Name: Riddle Difficulty and Relevance
Criteria: Evaluates the riddle's ability to be challenging yet solvable, progressively guiding with hints while maintaining fairness and complexity suitable to the topic.
Rubric:
1. The riddle is overly simplistic or impossibly difficult with no guiding hints.
2. The riddle has minor challenge but lacks sufficient guidance or complexity.
3. The riddle is moderately challenging with some hints but may lack fair progression.
4. The riddle is challenging with clear, progressive hints, and suitable complexity.
5. The riddle is perfectly balanced, challenging yet solvable with well-placed, fair hints and appropriate complexity.

When this eval is executed, a score of 1-5 will be assigned. If a scaled score is not appropriate, you may also create Pass/Fail evals as well. In fact, in many cases a Pass/Fail eval will perform better, so consider whether your criteria can be worded so that a Pass/Fail response is appropriate.

Auto-generating Criteria

By default, Libretto creates LLM-as-Judge evals automatically when a new prompt is created. However, if a prompt doesn't have any LLM-as-Judge evals you'll have the opportunity to instruct Libretto to auto-generate them. This is a great way to quickly get started with LLM-as-Judge, but you may want to fine tune the criteria after generation!

Simply click the "Auto-generate evaluations" button. Libretto will generate up to five criteria for you, all of which should be relevant to the current prompt template.

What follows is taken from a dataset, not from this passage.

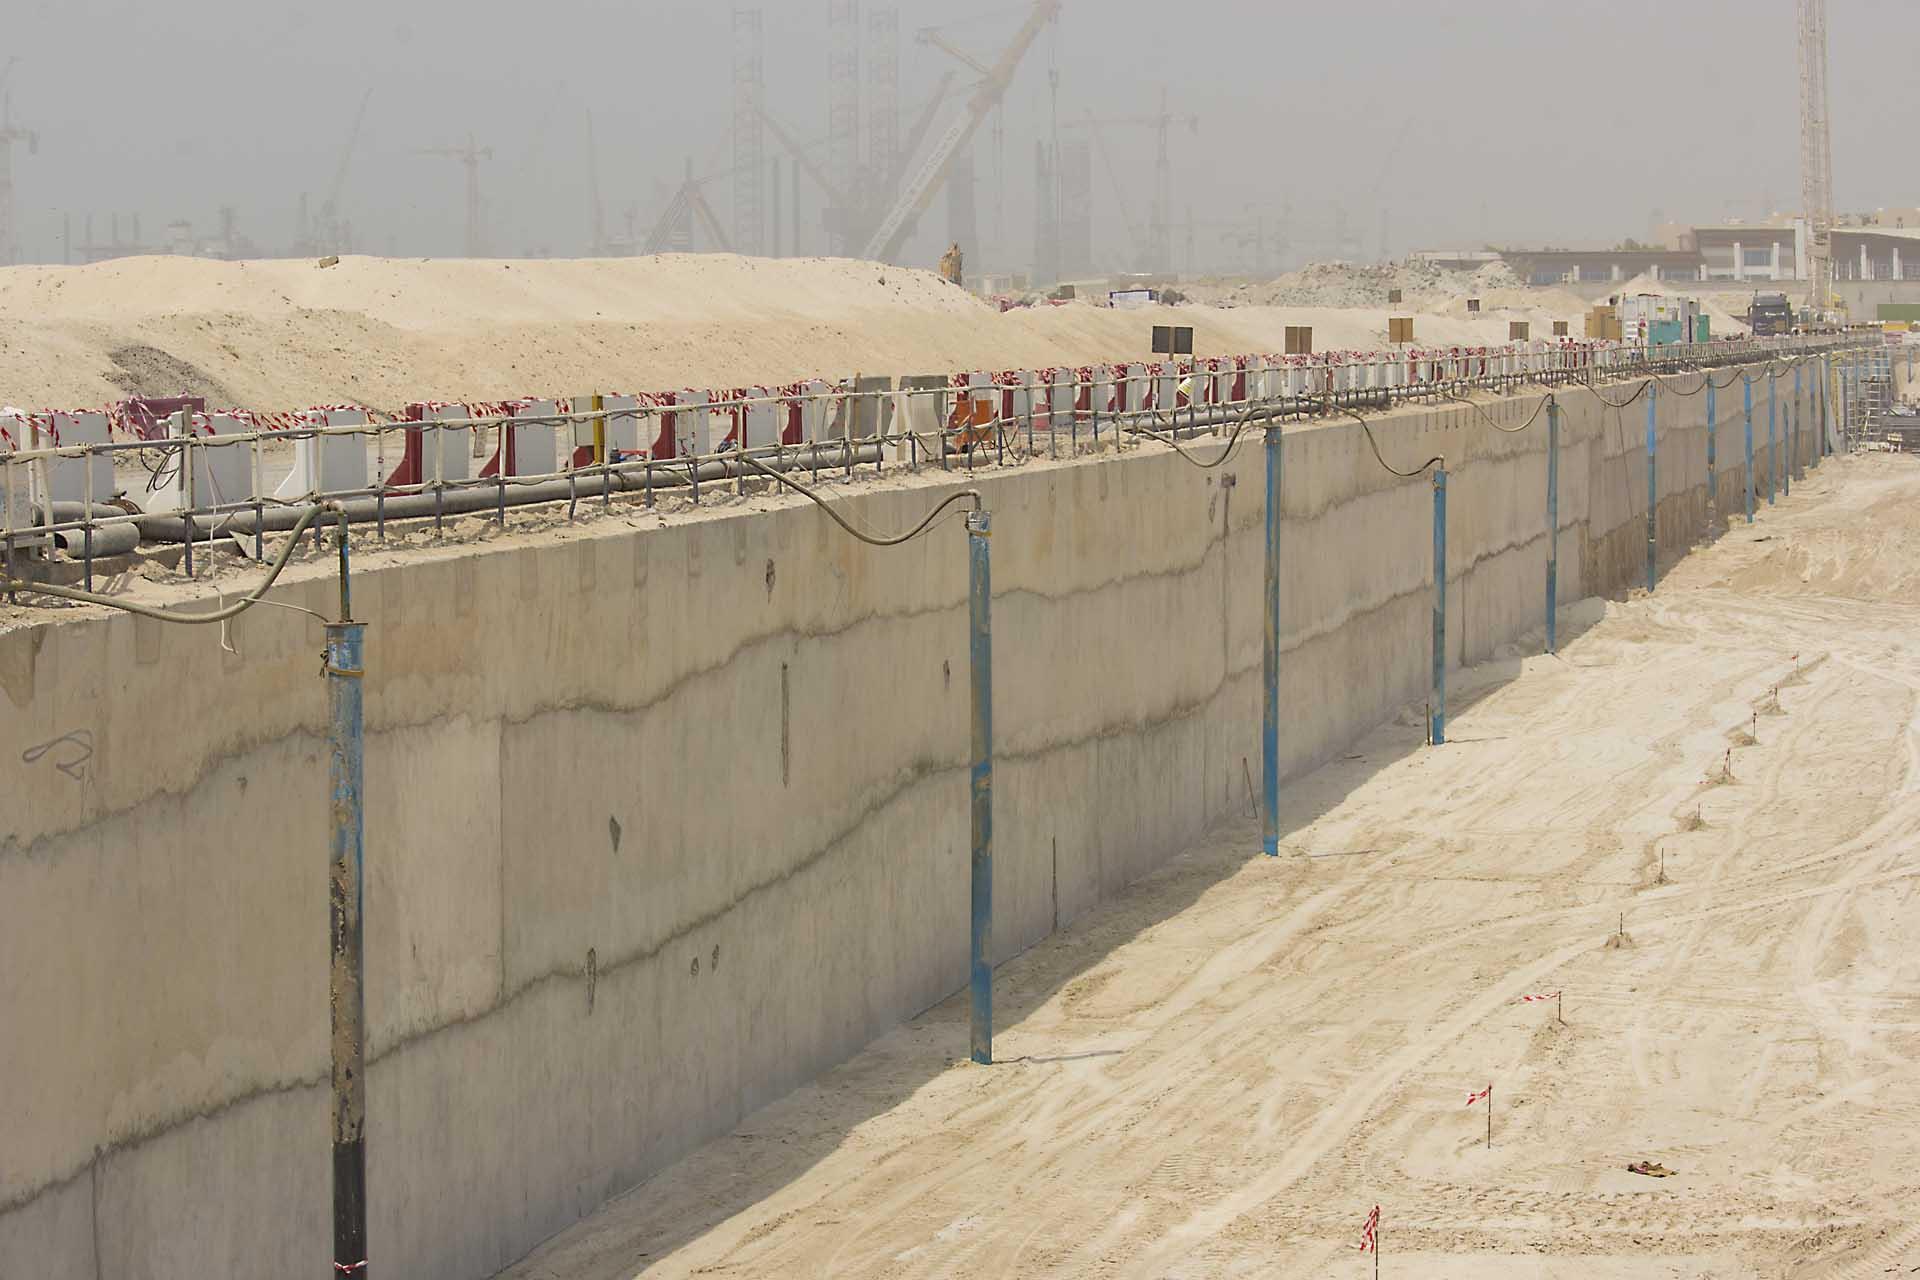 La Mer, Jumeirah Open Beach car park dewatering

Manually Creating Criteria

Click the "+ Add evaluation" button.
Write your own criteria by describing what you want the LLM-as-Judge to evaluate.
Choose a scoring option:
- Pass/Fail: useful if the assessment is always discretely binary.
- Scale 1-5: appropriate when the assessment can be continuous in nature.
Save the criteria.

Grading & Calibration

The nature of LLM-as-Judge evals is that they are typically subjective, which inevitably means that humans can/will disagree with certain assessments. Libretto provides a way to improve the human/LLM alignment through a grading and calibration process.

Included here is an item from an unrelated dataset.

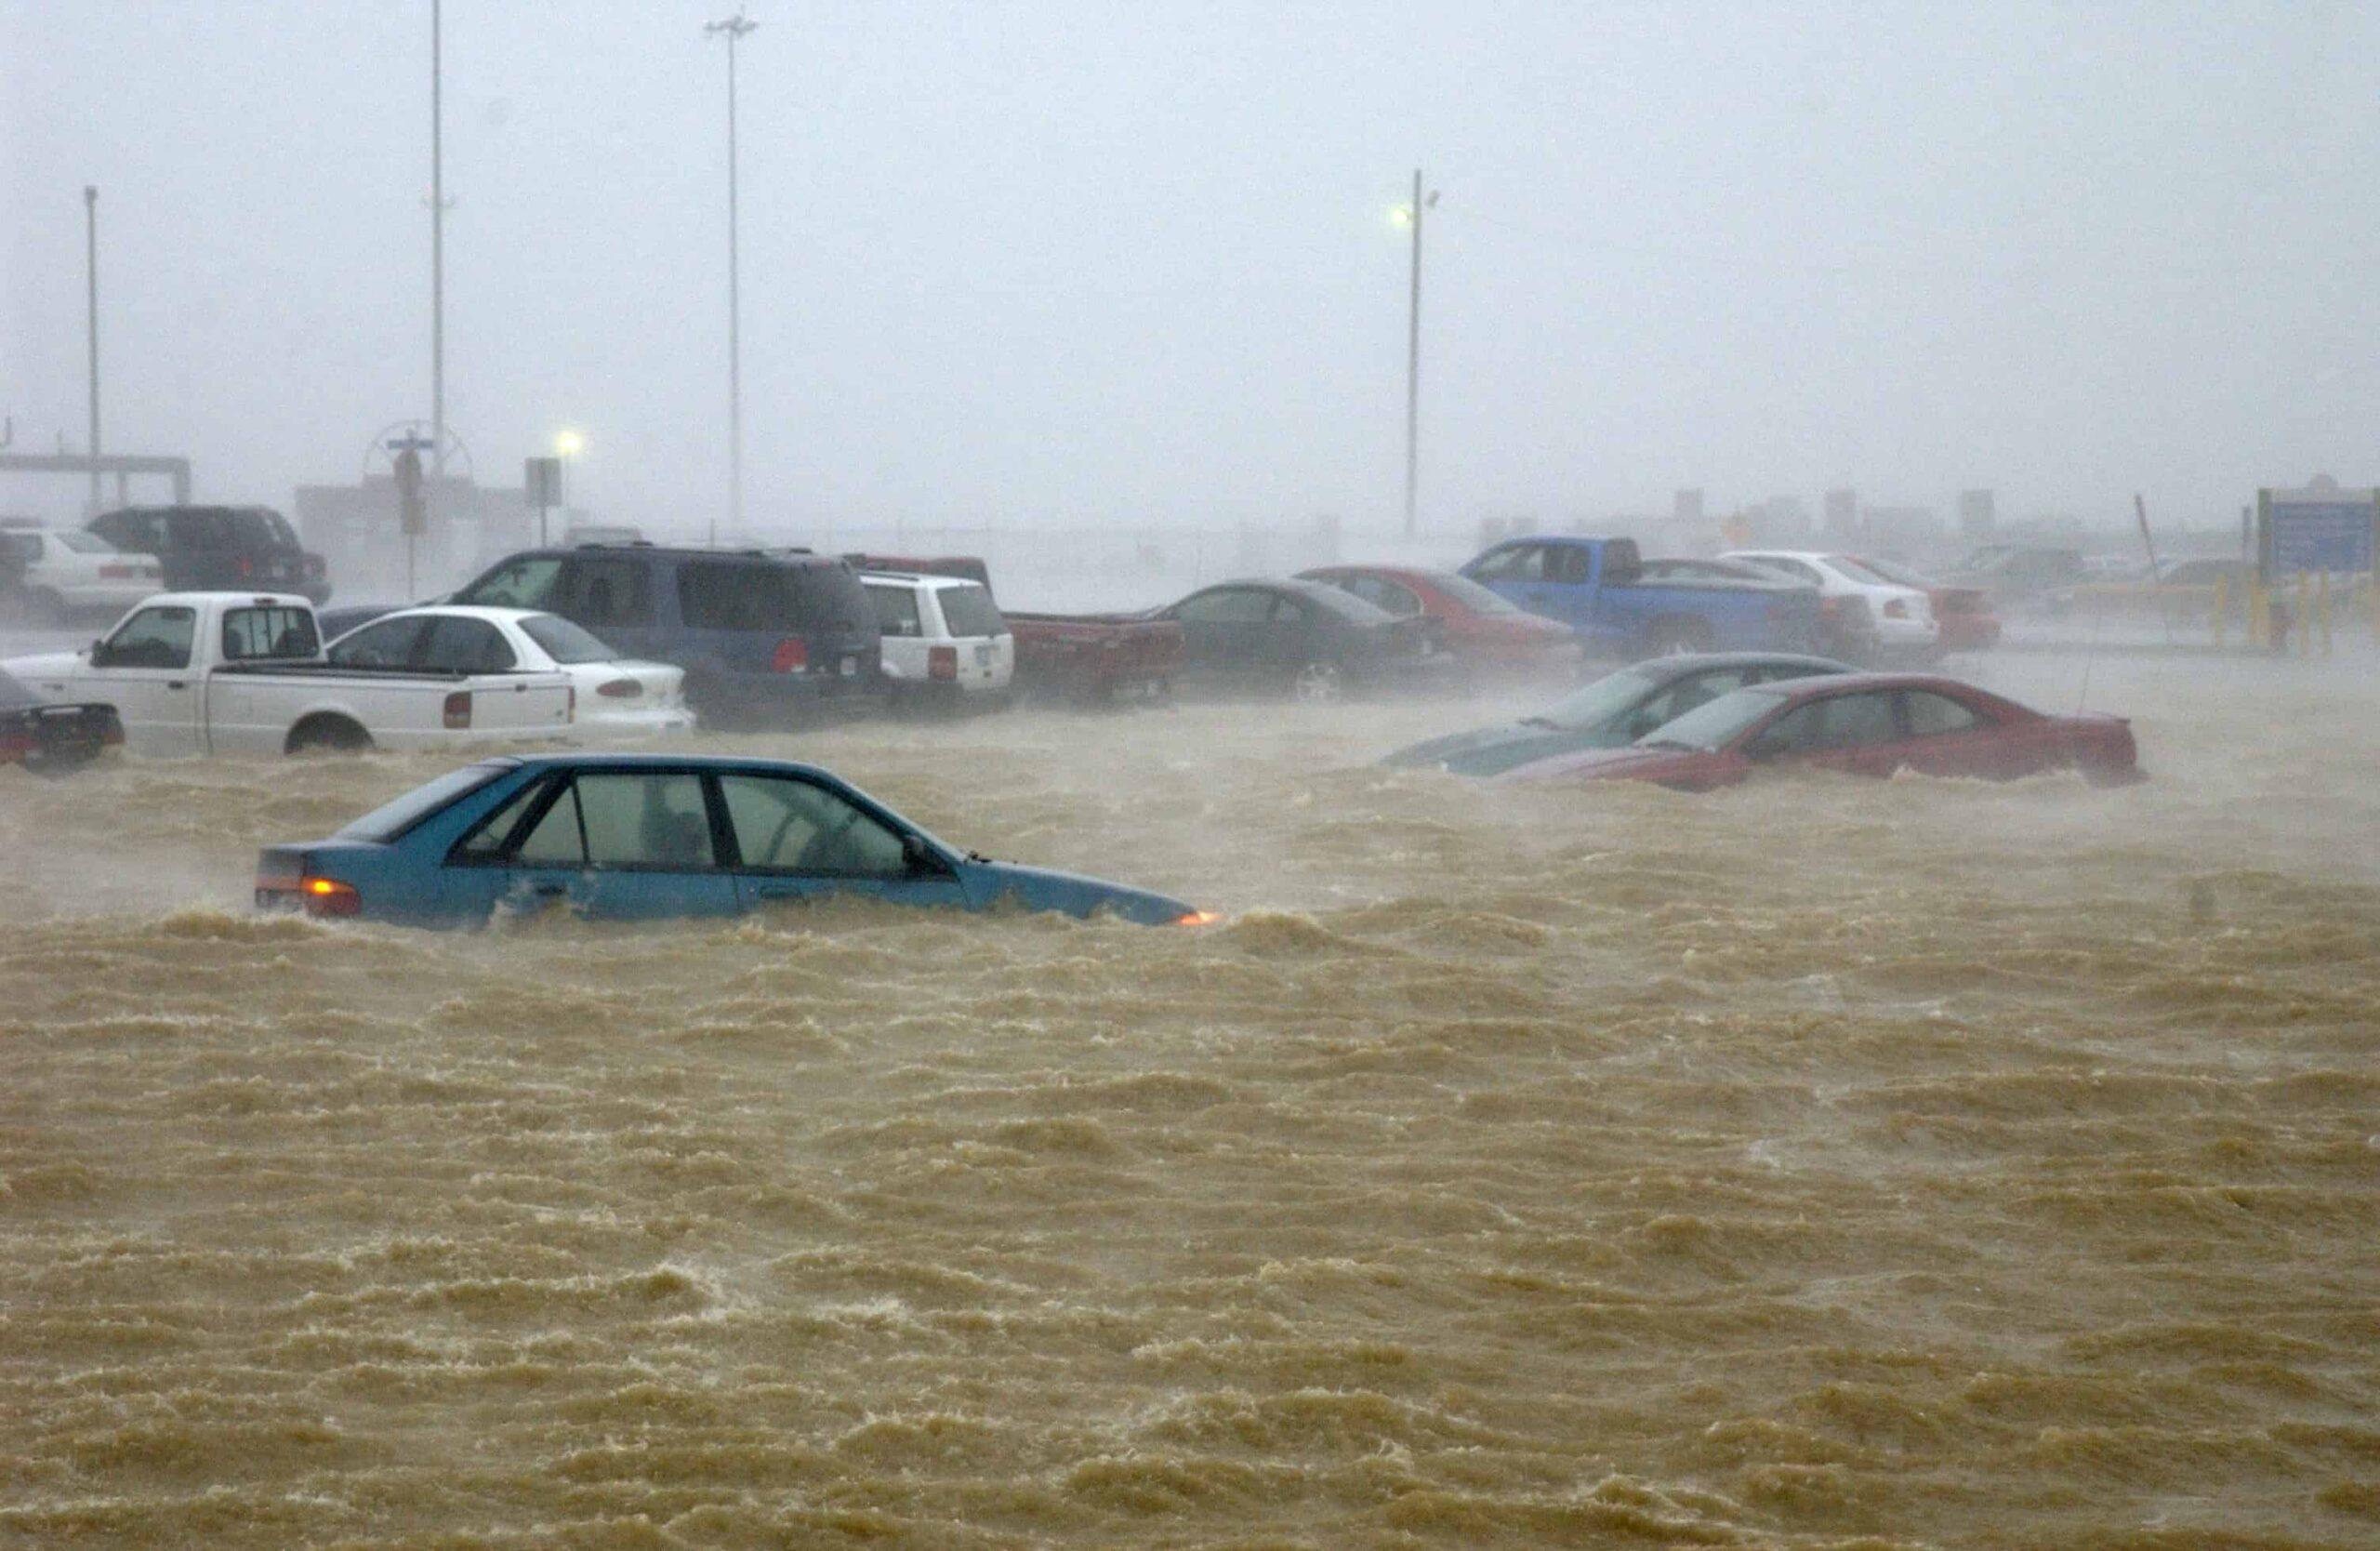 Flooding in Norfolk, VA

This generally works as follows:

LLM-as-Judge evals are created (either automatically or by hand).
A test is run for the prompt, triggering the LLM-as-Judge evals to execute and record scores for each test case.
A human assigns grades for each test case, completely independently of the LLM-as-Judge.
Libretto analyzes the differences between the human grades and the LLM grades, then attempts to improve the eval such that the human/LLM alignment is as close as possible.

To begin this workflow:

Ensure that your prompt template has test cases and LLM-as-Judge evals
Run a test via the Playground
Once the test completes, navigate to the test results page where you'll be able to see the scores that the LLM assigned.
Click the "Grade Scores" button:
Go to the "Grade Responses" tab and assign your own grades to as many test cases as possible:
Once at least 10 scores have been submitted, calibration can be started:
Let the calibration finish, after which you will be shown the new human/LLM alignment scores that indicate how closely your grades match with the LLM-as-Judge grades.